SSL 模拟赛 总结(2017.10.18)
T1:
这题我们可以发现:
长方形的面积就是
a* i + b * j -a*b
现在i,j是未知的
我们进一步思考:
发现我们连接圆心到矩形A的一点,就可以有勾股求出圆心到矩形A的a边的距离
即 (i/2)^2=r^2- (a/2)^2
而后可以求出i
j同理可求
然后我们去枚举a,b即可
时间复杂度:((2r)^2)
var
r,a,b,i,j:longint;
ans,sum:extended;
begin
readln(r);
for i:=1 to 2*r do
for j:=1 to 2*r do
begin
sum:=i*sqrt(sqr(r)-sqr(i/2))*2+j*sqrt(sqr(r)-sqr(j/2))*2-i*j;
if sum>ans then
begin
ans:=sum;
a:=i;
b:=j;
end;
end;
writeln(a);
writeln(b);
end.
T2:
这题其实没什么好讲的,选择排序然后注意判断就可以了。。。
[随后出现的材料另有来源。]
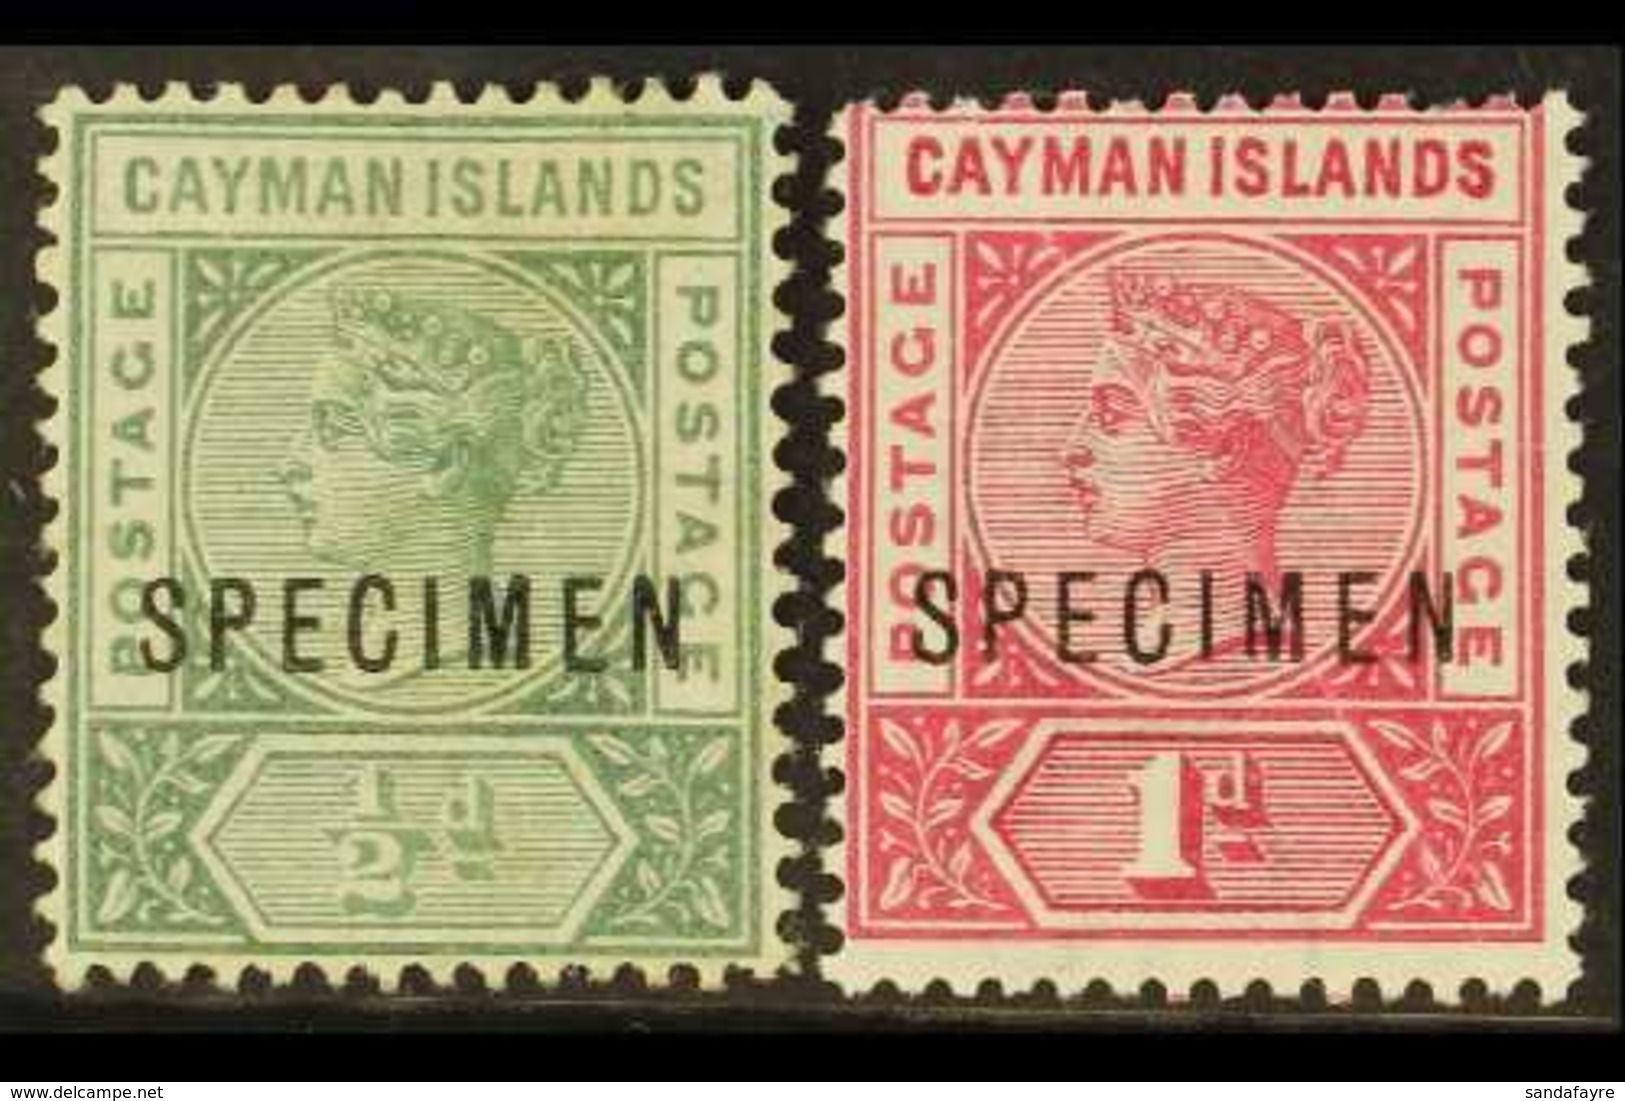 1900 1½d And 1d Overprinted "Specimen" (1d Creased), SG 1s/2s, Mint. Scarce. (2 Stamps) For More Images, Please Visit Ht - Cayman Islands

。
时间复杂度:O(N^2)
N那么小不用快排那么麻烦啦
var
a:array [0..101,1..2] of string;
b,ans:array [0..101] of longint;
n,i,j:longint;
s:string;
begin
readln(n);
for i:=1 to n do
begin
readln(s);
j:=pos('.',s);
if j<>0 then
begin
a[i,2]:=copy(s,j+1,length(s)-j);
delete(s,j,length(s)-j+1);
end;
a[i,1]:=s;
b[i]:=i;
end;
for i:=1 to n-1 do
for j:=i+1 to n do
if ((a[i,2]='') and (a[j,2]<>'')) or
((a[i,2]=a[j,2]) and (a[i,1]>a[j,1])) or
((a[i,2]<>'') and (a[j,2]<>'') and (a[i,2]>a[j,2]))
then begin
a[0]:=a[i];a[i]:=a[j];a[j]:=a[0];
b[0]:=b[i];b[i]:=b[j];b[j]:=b[0];
end;
for i:=1 to n do
ans[b[i]]:=i;
for i:=1 to n do writeln(ans[i]);
end.
T3:
这题其实搜索,然后记忆化:
我们用f[i,j,k]去表示以a[i,j]为起点向4个方向能走的最长等差数列的长度。
然后去搜即可。
你可以在做f[i,j,k]顺便把经过的[ii,jj]的f[ii,jj,kk]做了,然后打个标记,所以跑得特别的快。
时间复杂度:O(4NM)
const
dx:array[1..4] of integer=(0,0,1,-1);
dy:array[1..4] of integer=(-1,1,0,0);
var
f:array [0..101,0..101,1..4] of longint;
a:array [0..101,0..101] of longint;
i,j,k,ans,n,m:longint;
function check(aa,bb:longint):boolean;
begin
if (aa<1) or (aa>n) or (bb<1) or (bb>m) then exit(false);
exit(true);
end;
function dfs(x,y,z:longint):longint;
var
i,p,q:longint;
begin
dfs:=1;
for i:=1 to 4 do
begin
p:=x+dx[i];
q:=y+dy[i];
if check(p,q) then
if a[p,q]-a[x,y]=z then
begin
if f[x,y,i]=0 then f[x,y,i]:=dfs(p,q,z)+1;
if f[x,y,i]>dfs then dfs:=f[x,y,i];
end;
end;
end;
begin
readln(n,m);
for i:=1 to n do
begin
for j:=1 to m do read(a[i,j]);
readln;
end;
for i:=1 to n do
for j:=1 to m do
for k:=1 to 4 do
begin
if check(i+dx[k],j+dy[k]) then
if a[i+dx[k],j+dy[k]]-a[i,j]>0 then
f[i,j,k]:=dfs(i+dx[k],j+dy[k],a[i+dx[k],j+dy[k]]-a[i,j]);
inc(f[i,j,k]);
end;
for i:=1 to n do
for j:=1 to m do
for k:=1 to 4 do
if f[i,j,k]>ans then ans:=f[i,j,k];
writeln(ans);
end.
T4:
这题其实就是取n-1条边,使它变成一棵连通图,然后最大的边最小!如果有克鲁斯卡尔去做,很明显N^3,会炸,所以我们要优化!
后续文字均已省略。